Ben White Absen karena Cedera Lutut, Arsenal Hadapi Krisis Jelang Final
Arsenal dipastikan kehilangan bek kanan andalan, Ben White, menjelang final UEFA Champions League melawan Paris Saint-Germain pada 30 Mei di Puskas Arena, Budapest. White, 28 tahun, mengalami cedera ligamen lutut (MCL) setelah berbenturan dengan Crysencio Summerville pada laga melawan West Ham United akhir pekan lalu. Hasil pemeriksaan awal menunjukkan cedera pada MCL, sehingga pemain itu harus menepi pada fase krusial musim ini.
Insiden dan diagnosis awal
White tampak meninggalkan stadion dengan pelindung lutut setelah benturan dengan Summerville. Kondisi tersebut memicu kekhawatiran besar di kubu The Gunners menjelang partai puncak Eropa. Pemeriksaan awal mengindikasikan masalah pada ligamen MCL yang menjadi penyebab ketidakhadirannya.
Dampak segera untuk Arsenal
Kehilangan White menjadi pukulan bagi pelatih Mikel Arteta yang sedang menyiapkan tim untuk final kontra PSG. Situasi diperparah karena bek kanan lain, Jurrien Timber, masih belum pulih dari cedera pergelangan kaki yang dideritanya sejak Maret. Kondisi ini menempatkan Arteta dalam krisis opsi pertahanan di sektor kanan.
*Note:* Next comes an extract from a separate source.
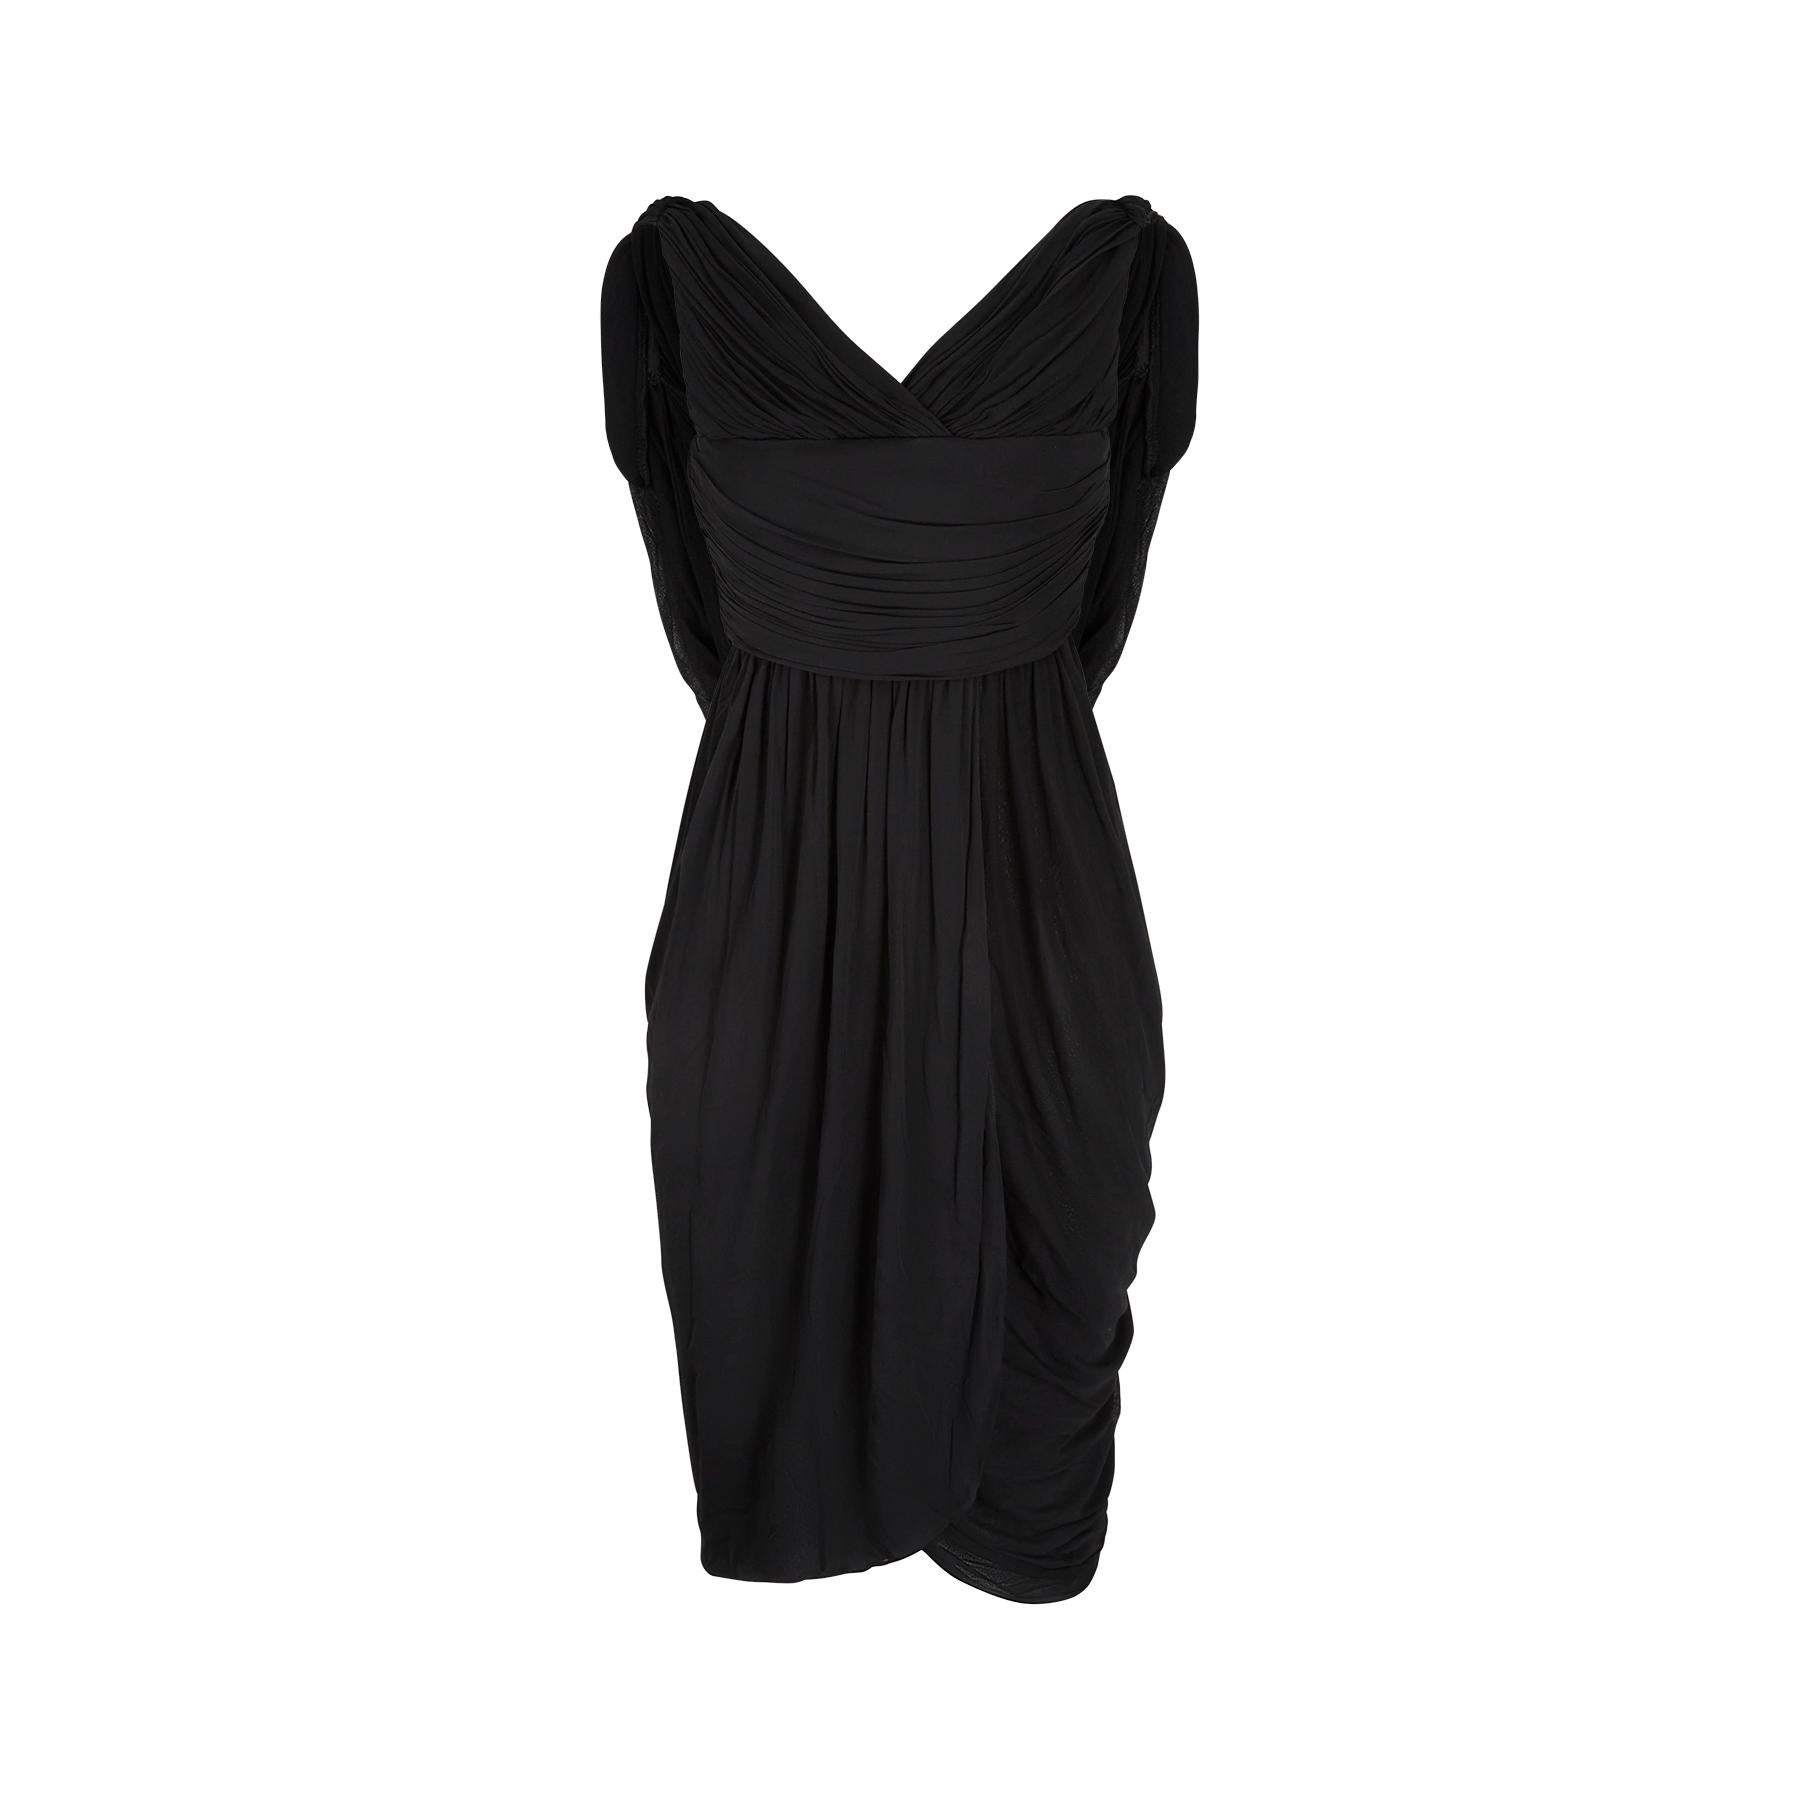 Une robe de déesse Halston black label couture des années 1970 absolument superbe et à collectionner. Halston s'est clairement inspirée d'une époque antérieure et on retrouve ici des éléments de la mode des années 1940 et 1950. Il est impeccablement

Peran White sepanjang musim
Musim ini White menjadi salah satu pemain paling konsisten bagi Arsenal. Setelah sempat mengalami masalah lutut sebelumnya, ia bangkit dan tercatat melakukan 30 penampilan di berbagai kompetisi. Fleksibilitasnya di lini belakang menjadi salah satu faktor penting dalam perjalanan Arsenal mengejar gelar domestik dan Eropa.
Ancaman terhadap Timnas Inggris
Cedera ini tak hanya merugikan klub. Kondisi White juga menimbulkan kekhawatiran bagi skuad England national football team menjelang FIFA World Cup 2026. White sempat kembali ke timnas setelah meninggalkan Piala Dunia 2022 karena persoalan internal.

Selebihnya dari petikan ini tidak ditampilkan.